The firmness of his calves, his poverty, his neediness, all of it emboldened her to speak. 'Listen,
can we talk?'
'I have work to do. We have to carry 100
jhawwas, don't you know.'
'I know. This won't take long. Can we
exchange legs? You take mine and I'll take yours.'
'Can't be done!'
'Why not? Anything's possible. All we need
is the will.'
'Why should I? I don't know what it would
be like to live with your legs.'
'I think you would like my legs. Look!
Touch them! See how soft they are. You could turn them into muscle in no time
because you walk so much every day. You need to give your old legs a rest. They
look tired and worn out.' The
benefits that would accrue to her
through this exchange, she decided not to elaborate on.
The boy looked suspiciously at her. 'What
if I don't like your legs?'
'Try them out for a week. If you don't like
them, I'll take them back.'
'You're not trying to trick me, are you?'
'Do I look like the kind of person who
would trick you? I'm only trying to help.'
'Will you bring me back my legs if I don't
like yours?'
'I will. Promise.'
He
agreed! She couldn't believe how easy it was to convince the poor and get what
you wanted.

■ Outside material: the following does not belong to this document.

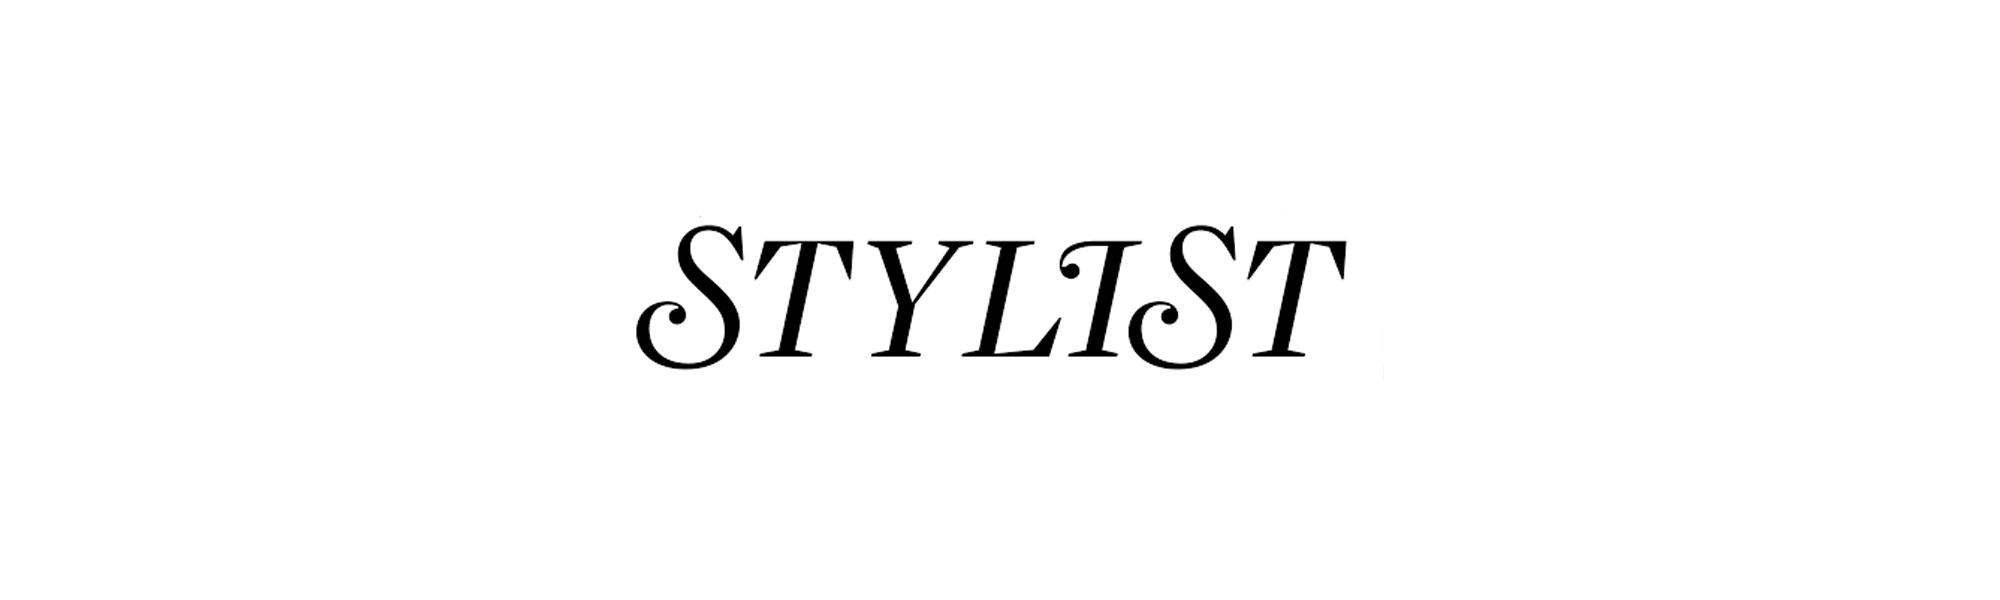 Stylist …more

Watch me glide in salsa
class! Under the large and leafy peepal they exchanged legs. The sun had
climbed higher by then and the sky was losing its orange glow and it was time
to head for school. She snapped on his legs to her hips and gladly parted with her
own. She pranced to school, her borrowed legs hidden under her shalwar.
Back
home, she buried herself in her room with
her smelly old blankie, so
ecstatic was she and in such a state of dreamy disbelief that after several
hours, she still had to clutch her new legs and stroke them to believe they
were hers. Their brownness was several shades darker than her own creamy skin.
She sat on the toilet seat and soaped the legs lovingly and shaved the tough,
black hairs. She pulled on her light skin-coloured tights to conceal their brownness.
Afterwards, in front of the mirror in her room, she practiced her steps,
lifting her skirt above her knees to show off her shapely, newly acquired wealth with one hand,
and balancing a bowl of warm, swimming-in-syrup gulab jamuns in the other.
There
was no question of returning the legs now though she vaguely remembered she had
promised the boy she would if he didn't like hers.